Он снова откинулся на спинку кресла.

— Теперь что касается вашего дяди. Конечно, достойно сожаления, что он вступил в такую организацию. Но давайте не забывать, что человек вообще часто заблуждается, среди нас, евреев, тоже немало таких, которые свернули с правильной дороги. И к тому же он все-таки ваш родственник. Так что я тут моральных преград не вижу. Разумеется, вам придется проделать основную работу самому. Если это вас устраивает…

Эрвин секундочку подумал — настолько, насколько он сейчас вообще был способен думать.

— Это устраивает. Меня не устраивает, как я уже сказал, другое, — но раз уж вы готовы закрыть на это глаза, то я тоже.

Он встал.

— Спасибо, патрон. Была поучительная беседа.

Ноги едва держали его, когда он по паркету двигался в сторону двери.

— Значит, это совершенно безнадежно? — спросил Эрвин.

— О чем ты?

Эрвин не ответил, в его душе стояли такие же сумерки, что и вокруг. Они сидели в парке Харьюмяэ, и перед ними возвышалась крепостная стена — неодолимая, как и проблема, с которой он столкнулся. Все дороги были открыты перед ним, кроме одной, той, по которой шагала искроглазая брюнетка Руфь Шапиро. Поболтать, погулять, даже навестить Эрвина в его съемной квартире — пожалуйста, но пройти с ним вместе весь долгий жизненный путь — ни в коем случае…
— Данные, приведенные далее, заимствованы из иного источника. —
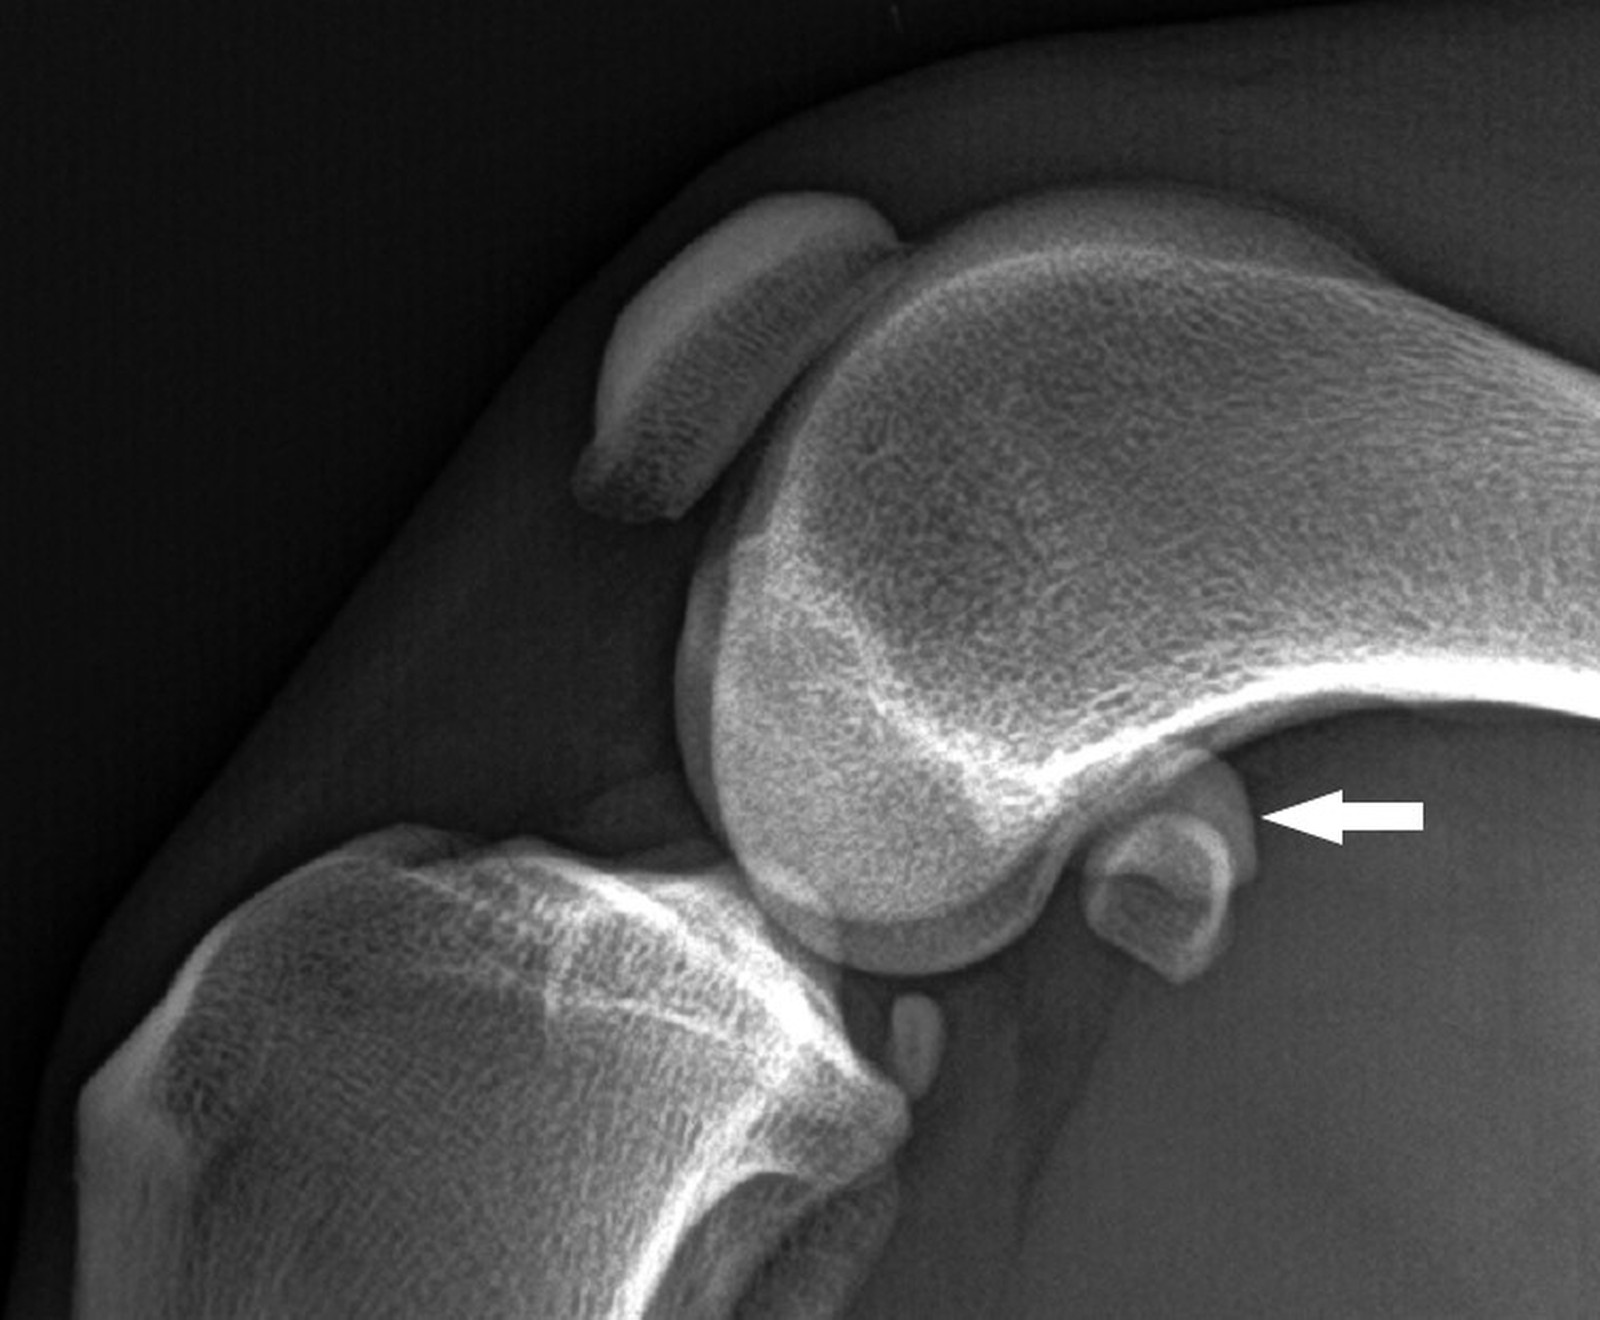 Die proximale Kontur der Fabella ist klar abgrenzbar, die Knochenstruktur ist homogen (Pfeil).

— Если ты имеешь в виду брак, то да, это, разумеется, безнадежно, — продолжила Руфь сама. — Я уже сотни раз говорила тебе, что мое будущее — это какой-нибудь толстый бизнесмен из Чикаго, или виленский стоматолог, или — в лучшем случае — молодой храбрый палестинский партизан, которого на следующий день после первой брачной ночи убьют арабы и по ком я буду вечно горевать вместе с сыном, с трудом зачатым в ту самую ночь.

— Это какое-то Средневековье… — пробормотал Эрвин.

— Ты говоришь так, как будто Средневековье — далекое темное прошлое, — фыркнула Руфь. — Посмотри, что происходит в мире, и ты поймешь, что с того времени ничего не изменилось. Какая разница, где нас преследуют, в Древнем Риме, Кастилии, Англии или гитлеровской Германии? Века и страны меняются, а суть остается той же.

— Не понимаю, какое это имеет отношение к нашему браку, — заупрямился Эрвин.

— О господи, ты словно маленький ребенок! Подумай, мы ведь живем в разных мирах, я плетусь под жарким иерусалимским солнцем и погоняю осла, которому лень тащить мою тележку, а ты катишь в авто на Пирита купаться.

— У меня нет авто, — сказал Эрвин мрачно.

— Нет, так будет. Все стоящие адвокаты покупают авто.

— Значит, я ничего не стою.

— Глупости! Отец о тебе очень высокого мнения. Он даже удивляется, почему ты до сих пор не открыл своей практики.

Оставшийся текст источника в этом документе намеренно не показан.